Re: multithreaded zstd backup compression for client and server - Mailing list pgsql-hackers

From Robert Haas
Subject Re: multithreaded zstd backup compression for client and server
Date
Msg-id CA+TgmoZCd0RaFAQm-uB7mEbhdbM4B-gzYYiUjg1751U9fgRwQA@mail.gmail.com
Whole thread Raw
In response to Re: multithreaded zstd backup compression for client and server  (Andres Freund <andres@anarazel.de>)
List pgsql-hackers
On Wed, Mar 23, 2022 at 7:31 PM Andres Freund <andres@anarazel.de> wrote:
> I found this the following section in the manual [1]:
>
>     ZSTD_c_nbWorkers=400,    /* Select how many threads will be spawned to compress in parallel.
>                               * When nbWorkers >= 1, triggers asynchronous mode when invoking ZSTD_compressStream*()
:
>                               * ZSTD_compressStream*() consumes input and flush output if possible, but immediately
givesback control to caller,
 
>                               * while compression is performed in parallel, within worker thread(s).
>                               * (note : a strong exception to this rule is when first invocation of
ZSTD_compressStream2()sets ZSTD_e_end :
 
>                               *  in which case, ZSTD_compressStream2() delegates to ZSTD_compress2(), which is always
ablocking call).
 
>                               * More workers improve speed, but also increase memory usage.
>                               * Default value is `0`, aka "single-threaded mode" : no worker is spawned,
>                               * compression is performed inside Caller's thread, and all invocations are blocking */
>
> "ZSTD_compressStream*() consumes input ... immediately gives back control"
> pretty much confirms that.

I saw that too, but I didn't consider it conclusive. It would be nice
if their documentation had a bit more detail on what's really
happening.

> Do we care about zstd's memory usage here? I think it's OK to mostly ignore
> work_mem/maintenance_work_mem here, but I could also see limiting concurrency
> so that estimated memory usage would fit into work_mem/maintenance_work_mem.

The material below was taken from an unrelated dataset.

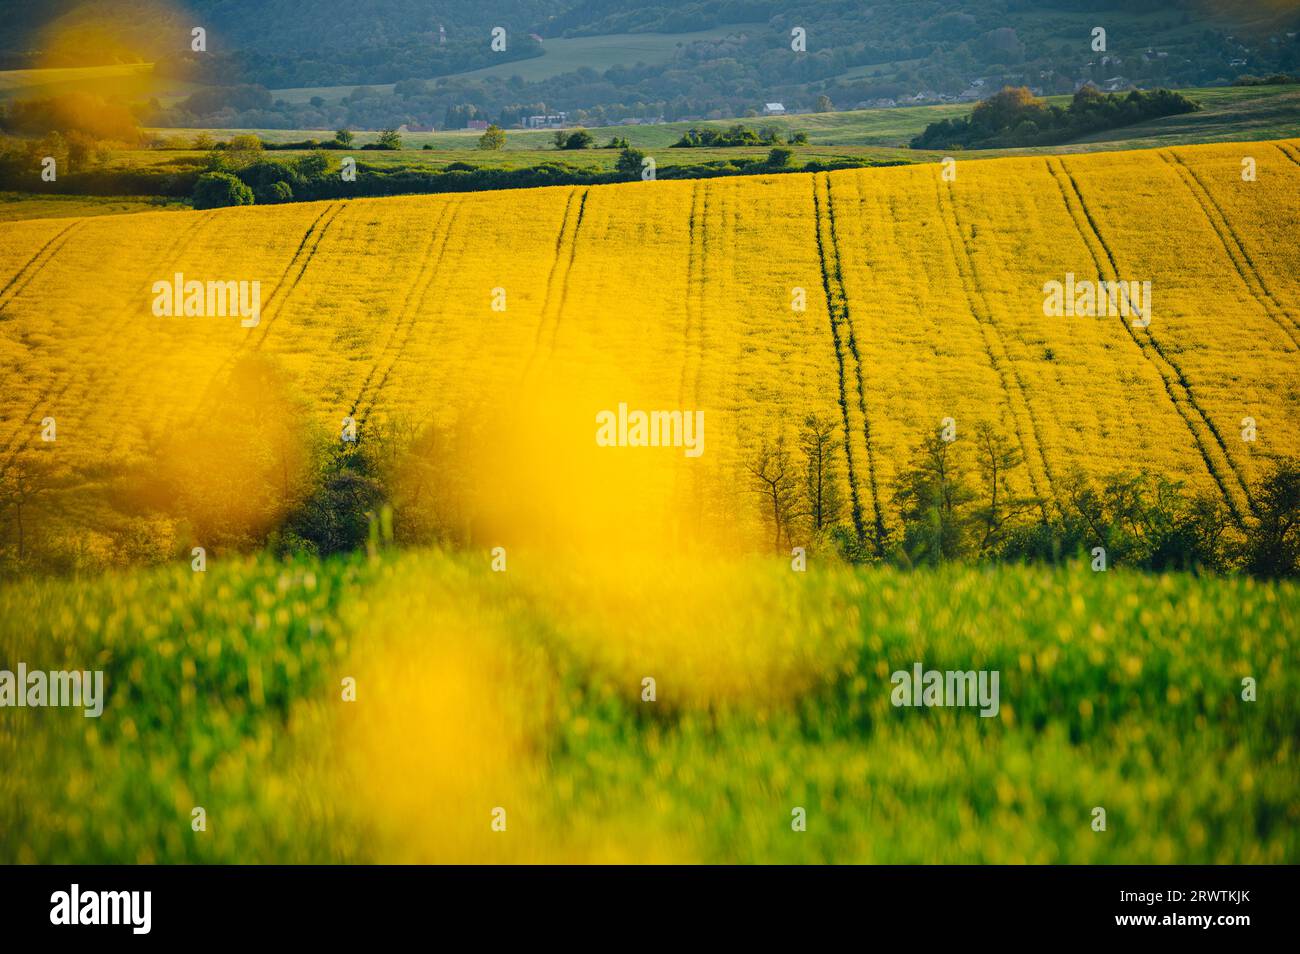 Serenidad primaveral: Campos de colza y trigo en flor completa. Hermoso paisaje agrícola Foto de stock
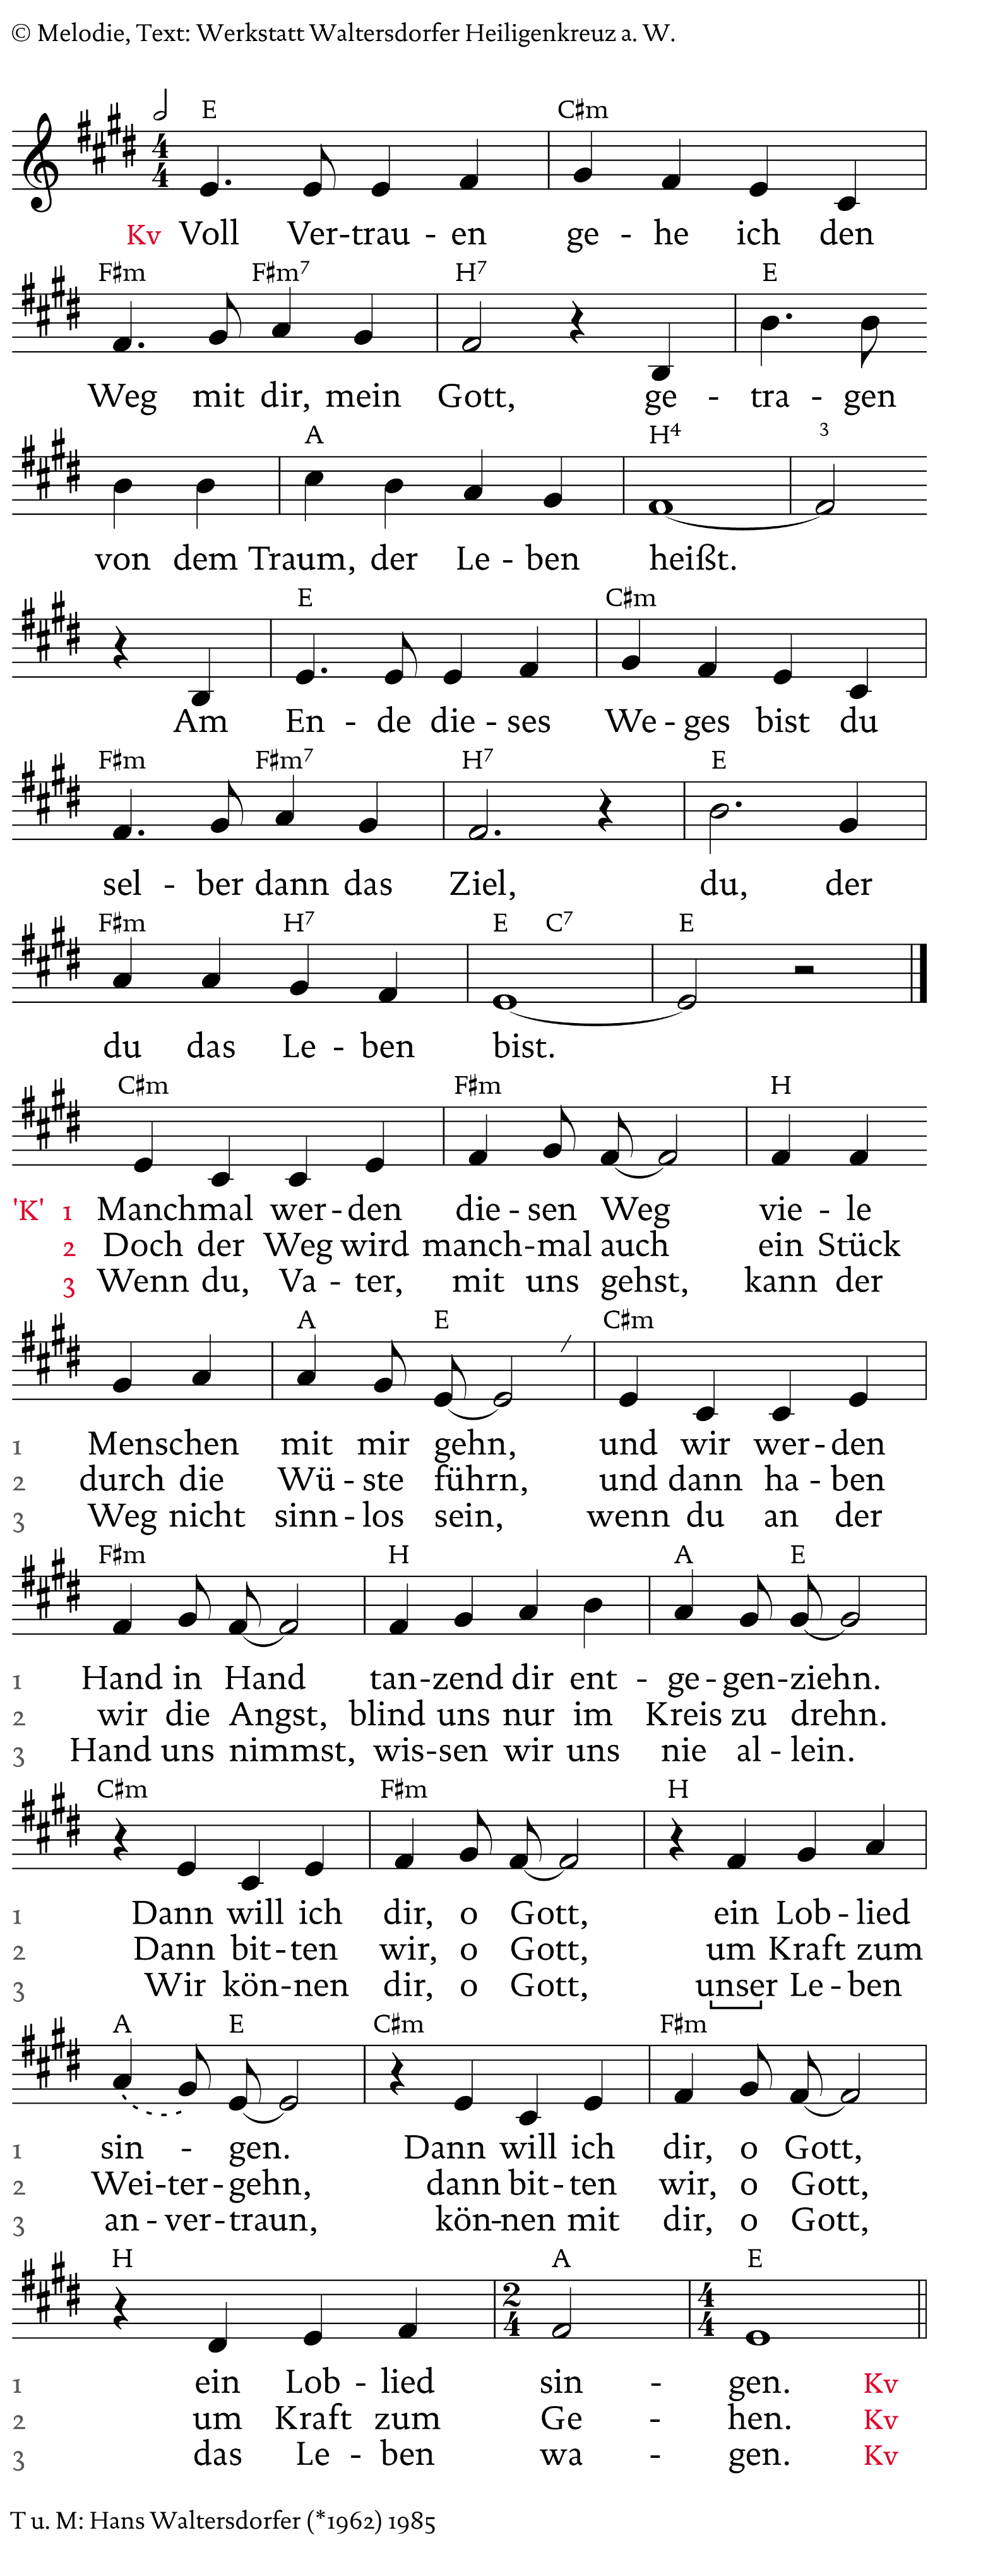 Gotteslob Lieder Zum Ausdrucken / Kirchlich Heiraten Lieder Erzbistum Koln

I think it's possible that we want to do nothing and possible that we
want to do something, but I think it's very unlikely that the thing we
want to do is related to maintenance_work_mem. Say we soft-cap the
compression level to the one which we think will fit within
maintanence_work_mem. I think the most likely outcome is that people
will not get the compression level they request and be confused about
why that has happened. It also seems possible that we'll be wrong
about how much memory will be used - say, because somebody changes the
library behavior in a new release - and will limit it to the wrong
level. If we're going to do anything here, I think it should be to
limit based on the compression level itself and not based how much
memory we think that level will use.

But that leaves the question of whether we should even try to impose
some kind of limit, and there I'm not sure. It feels like it might be
overengineered, because we're only talking about users who have
replication privileges, and if those accounts are subverted there are
big problems anyway. I think if we imposed a governance system here it
would get very little use. On the other hand, I think that the higher
zstd compression levels of 20+ can actually use a ton of memory, so we
might want to limit access to those somehow. Apparently on the command
line you have to say --ultra -- not sure if there's a corresponding
API call or if that's a guard that's built specifically into the CLI.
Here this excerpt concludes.